Text in context
For a few years now, our columnist Neerja Singh has been writing about how adults can stay “a step ahead” of the children we interact with, particularly in relation to digital tools and their use. Her column acknowledges the challenges of keeping up with accelerating changes in our environment, and the confusions that can arise when we see children occupying a world that is so different, in so many ways. While there’s no doubt that it is hard to find the right balance in parenting in these times, the teacher’s task poses particular difficulties. The teacher must not only keep up with modifications to curricula and shifts in pedagogic practice, but also be attuned to the way culture morphs from one generation to the next. And as one grows older, there is the feeling that you’re never quite going to be able to stay abreast, let alone get ahead of the changes. Yet, one must find a way to build bridges with the young, to find channels of communication that allow us to exchange our ideas, trading learning gathered by the adults from experience over years for that learning gathered by the young in the moment.

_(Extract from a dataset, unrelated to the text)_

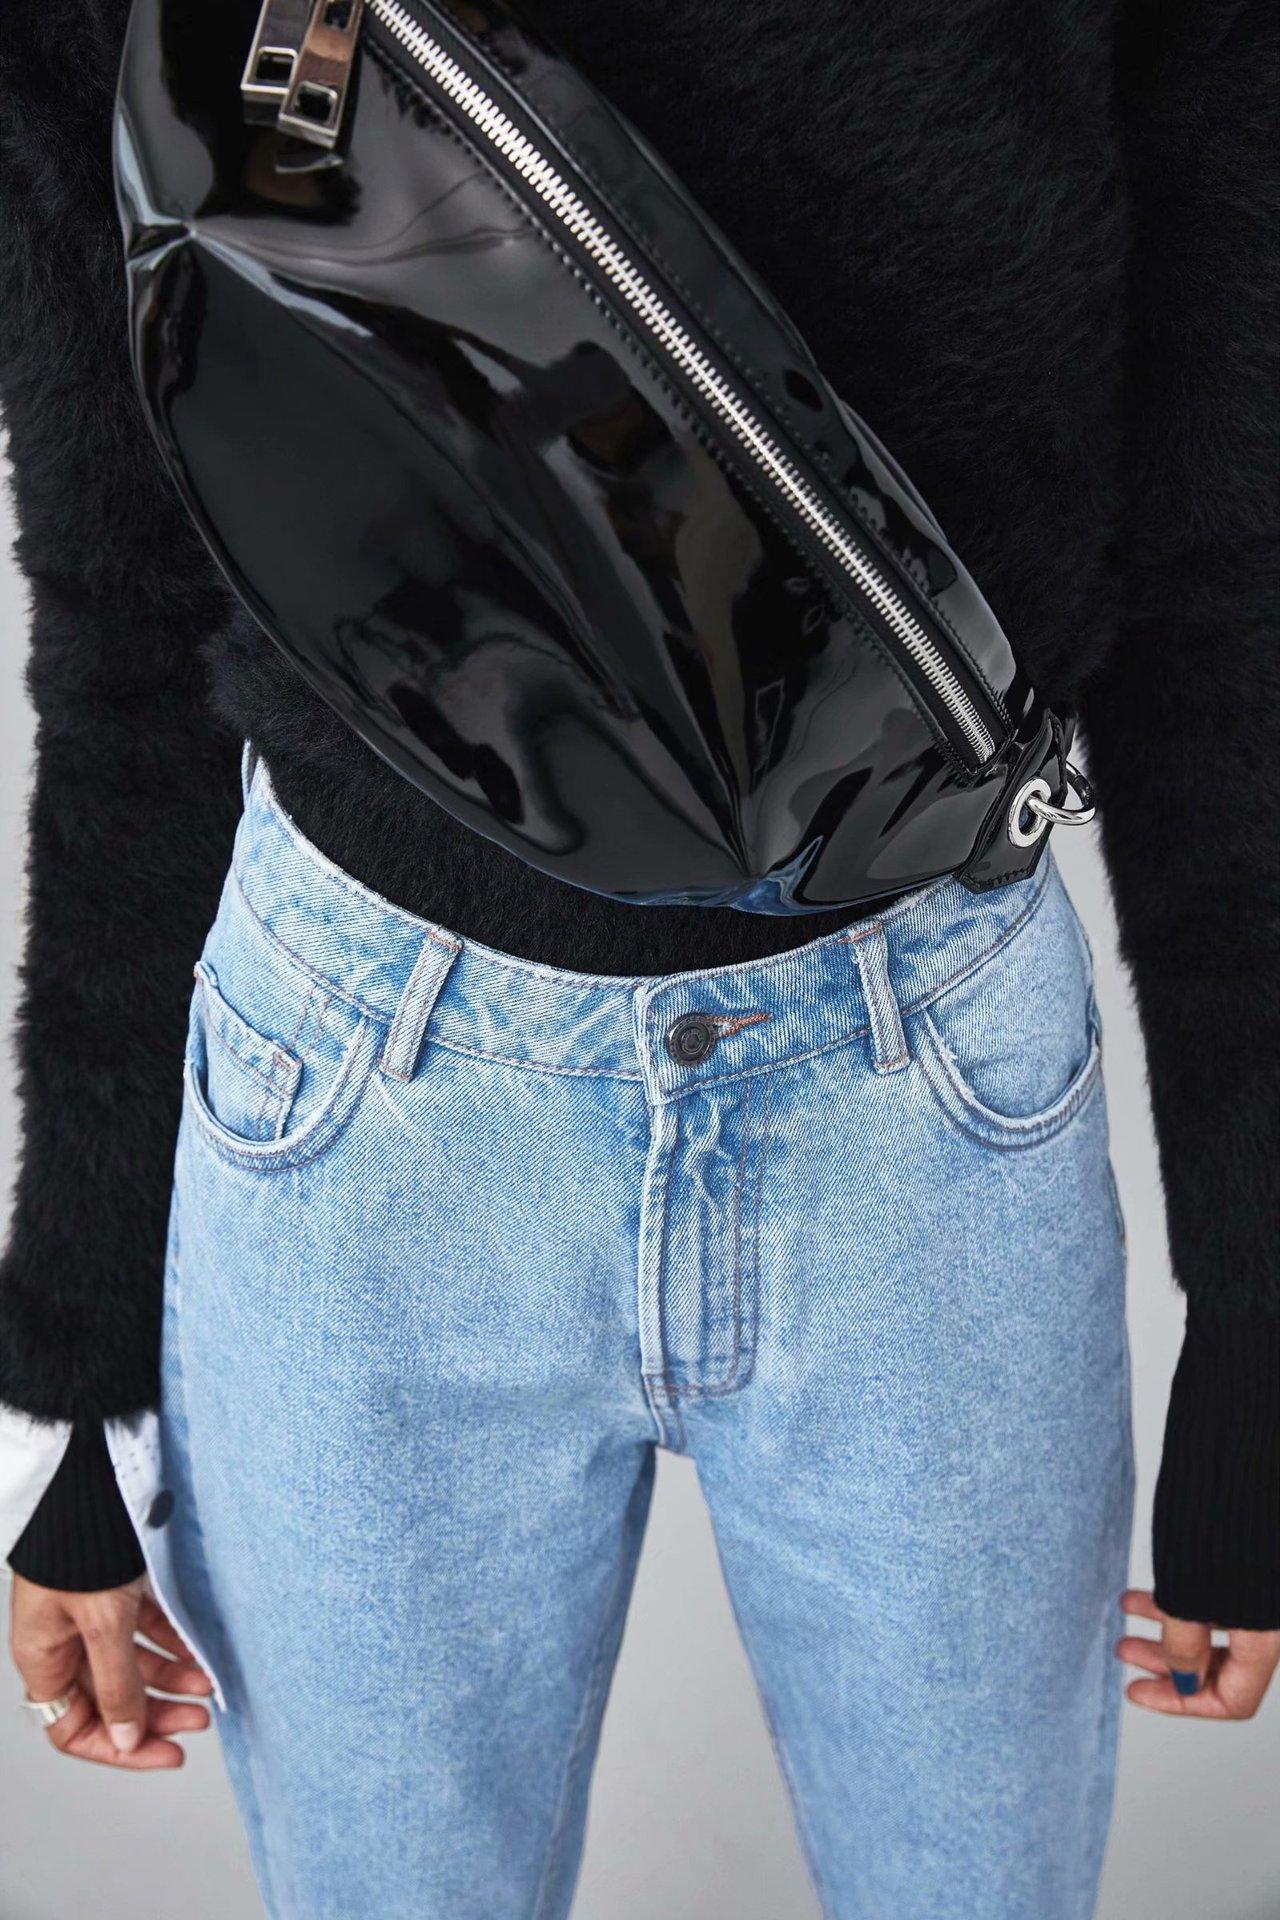 Polyester Fashion  pants  (Light blue-34)  Women Clothing NHAM7283-Light-blue-34

I recently asked my students to build a lexicon of their times, to list and explain new words that described their interactions with each other and the world, as well as actions they performed with their digital devices. In the space of half an hour, I acquired a vocabulary of several new words, from a new way of understanding “aura” to learning that one can “yank” text from one source and place it somewhere else. And of course that word that made it to this year’s Oxford English Dictionary Word of the Year – brain rot. This exercise reminded me of a piece of advice I had come across early in my teaching career, that one must always begin in the world of the child. What does the child know and how does the child interact with her immediate environment? This advice forces us also to acknowledge the child’s context of learning, and living, and attempt to make connections between the text (curricular material) and the context (the child’s life and surroundings). Starting my lesson by asking the students to draw on their own insights, developed through their own observations, led not only to engagement, but also to a sharper attention to their immediate environment – and to learn from this reflection.
Our cover theme for this issue pushes this idea further, taking it in two different directions: Nidhi Solanki talks about how we can bring the world into our classrooms, at different levels. And Subha Das Mollick offers a potted history on a very special set of readers that attempt to open up a child’s mind. There are many ways to help contextualize learning for the child, and we’d love to hear how our readers might approach this question, But whatever the approach, for the teacher, it can help not only go a step ahead, but more importantly, to stay in step with the child and her learning journey.